HuggingFace docs: https://huggingface.co/docs/transformers/main/en/model_doc/blip_2.

## Set-up environment

First, follow the set up instructions in (make sure you have finished running 'python download_data.py')

Compute advisory: Recommended to run in a GPU environment with high RAM.

In [1]:
%%time

# Standard libraries
import random
import time
import logging
from typing import List, Dict, Tuple, Any

# Third-party libraries
import numpy as np
import PIL
import torch
from transformers import AutoProcessor, Blip2ForConditionalGeneration, BlipProcessor, logging as transformers_logging

# Bitmind-specific libraries
from bitmind.image_dataset import ImageDataset
from bitmind.constants import DATASET_META

  from .autonotebook import tqdm as notebook_tqdm
2024-07-03 10:51:38.216308: E external/local_xla/xla/stream_executor/cuda/cuda_fft.cc:479] Unable to register cuFFT factory: Attempting to register factory for plugin cuFFT when one has already been registered
2024-07-03 10:51:38.430967: E external/local_xla/xla/stream_executor/cuda/cuda_dnn.cc:10575] Unable to register cuDNN factory: Attempting to register factory for plugin cuDNN when one has already been registered
2024-07-03 10:51:38.432390: E external/local_xla/xla/stream_executor/cuda/cuda_blas.cc:1442] Unable to register cuBLAS factory: Attempting to register factory for plugin cuBLAS when one has already been registered
2024-07-03 10:51:38.789632: I tensorflow/core/platform/cpu_feature_guard.cc:210] This TensorFlow binary is optimized to use available CPU instructions in performance-critical operations.
To enable the following instructions: AVX2 FMA, in other operations, rebuild TensorFlow with the appropriate compiler flags.

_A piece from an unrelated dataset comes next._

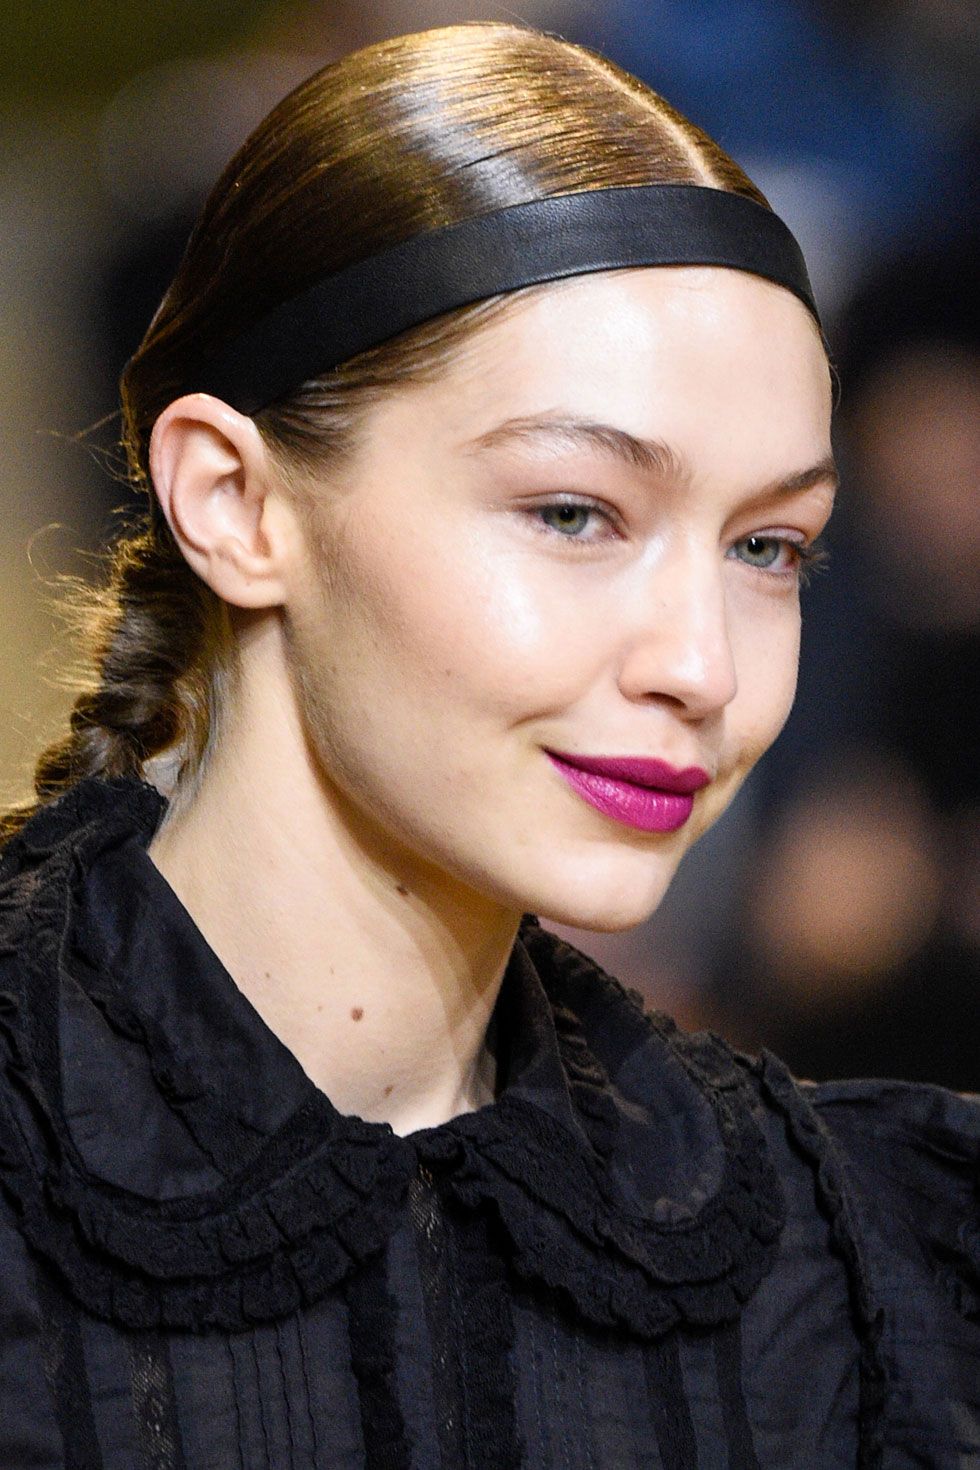 <p><strong data-redactor-tag="strong" data-verified="redactor">Il Look: </strong>Il rossetto fuxia sull'outfit sportivo.</p>
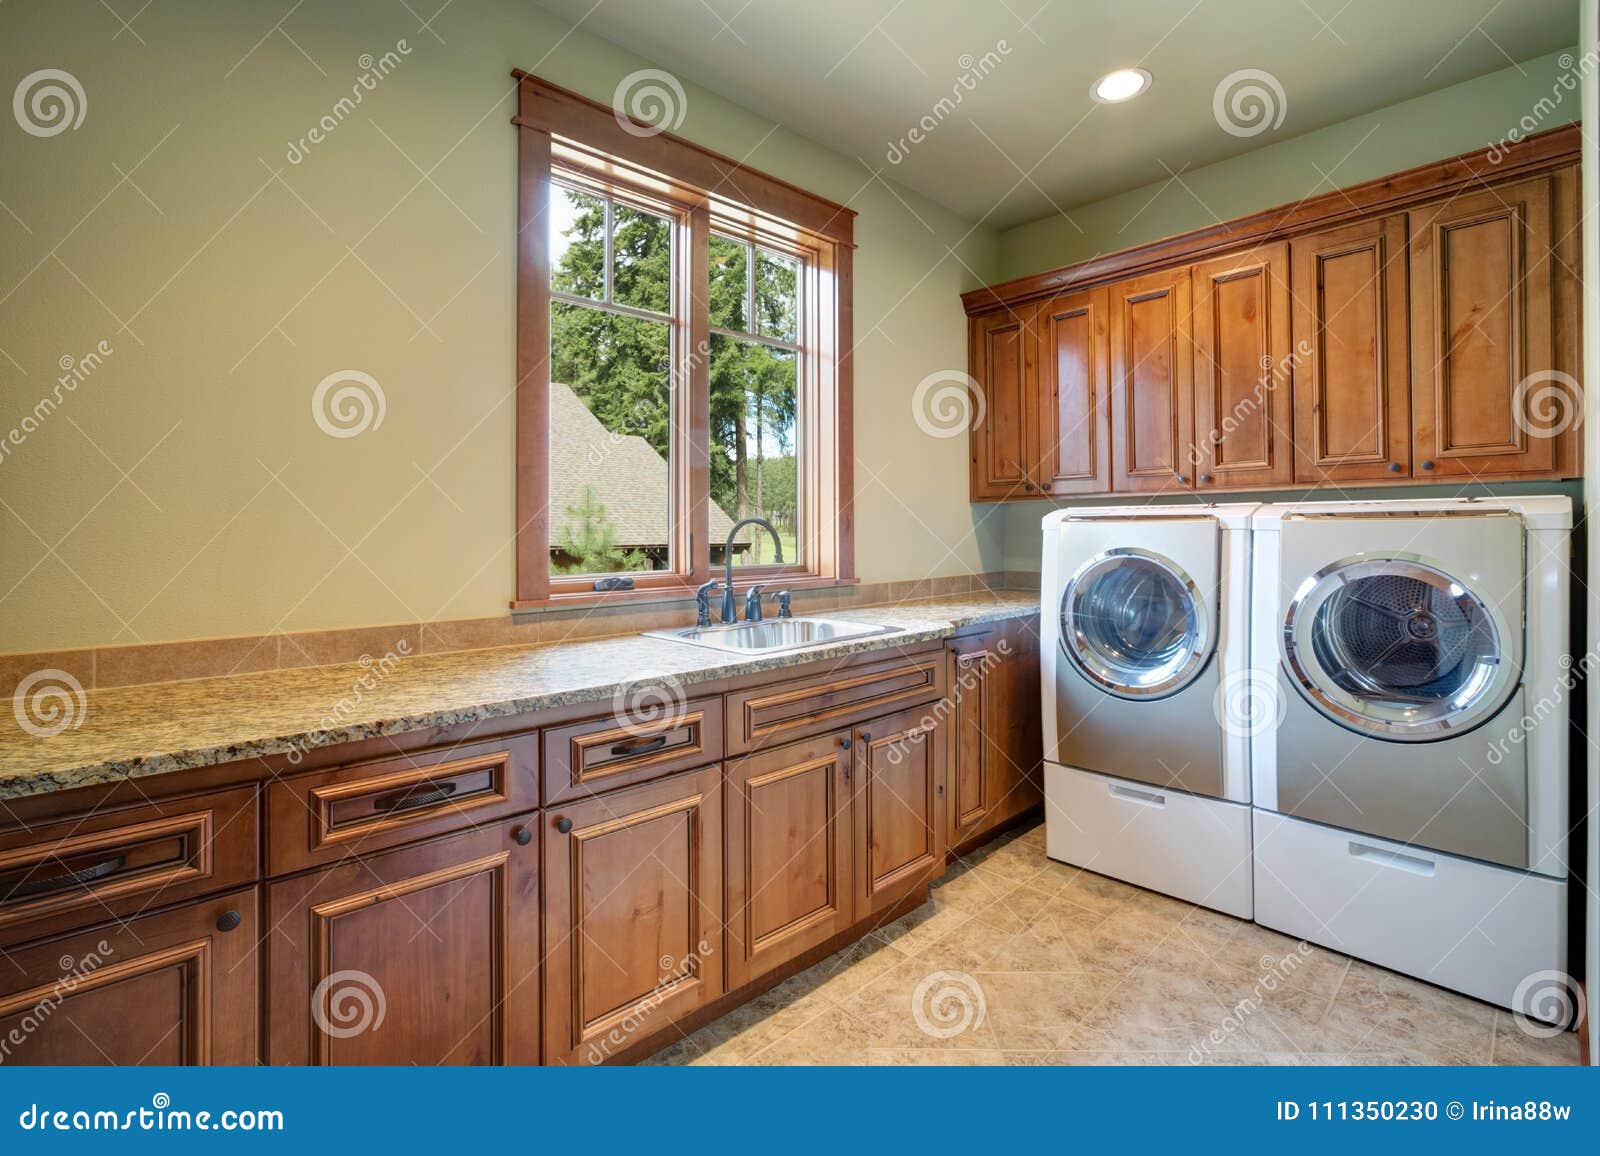 Huge Laundry Room With White Washer And Dryer Stock Photo Image

CPU times: user 6.75 s, sys: 3.4 s, total: 10.2 s
Wall time: 12.3 s


### Load finetuned BLIP-2 and processor

We can instantiate the model and its corresponding processor from the [hub](https://huggingface.co/models?other=blip-2). Here we load a BLIP-2 checkpoint that leverages the pre-trained OPT model by Meta AI, which as 2.7 billion parameters.

In [2]:
%%time
torch.manual_seed(0)
random.seed(0)
np.random.seed(0)

device = "cuda" if torch.cuda.is_available() else "cpu"

#Default log settings
transformers_level = logging.getLogger("transformers").getEffectiveLevel()
huggingface_hub_level = logging.getLogger("huggingface_hub").getEffectiveLevel()

#Suppress logs
logging.getLogger("transformers").setLevel(logging.ERROR)
logging.getLogger("huggingface_hub").setLevel(logging.ERROR)

processor = AutoProcessor.from_pretrained("Salesforce/blip2-opt-2.7b-coco")
# by default `from_pretrained` loads the weights in float32
# we load in float16 instead to save memory
model = Blip2ForConditionalGeneration.from_pretrained("Salesforce/blip2-opt-2.7b-coco", torch_dtype=torch.float16) 
model.to(device)

#Restore log settings
logging.getLogger("transformers").setLevel(transformers_level)
logging.getLogger("huggingface_hub").setLevel(huggingface_hub_level)

Loading checkpoint shards: 100%|██████████████████████████████████████████████████████████| 2/2 [00:23<00:00, 11.84s/it]


CPU times: user 24.8 s, sys: 21.2 s, total: 46 s
Wall time: 50.6 s


### Load Real Image Datasets

In [3]:
%%time
print("Loading real datasets")
real_image_datasets = [
    ImageDataset(ds['path'], 'test', ds.get('name', None), ds['create_splits'])
    for ds in DATASET_META['real']
]
real_image_datasets

Loading real datasets
CPU times: user 6.32 s, sys: 7.5 s, total: 13.8 s
Wall time: 44.4 s


[<bitmind.image_dataset.ImageDataset at 0x7f7867ad4a30>,
 <bitmind.image_dataset.ImageDataset at 0x7f78647de770>,
 <bitmind.image_dataset.ImageDataset at 0x7f7867ad6260>]

In [4]:
for dataset in real_image_datasets:
    print(dataset.huggingface_dataset_path, dataset.dataset)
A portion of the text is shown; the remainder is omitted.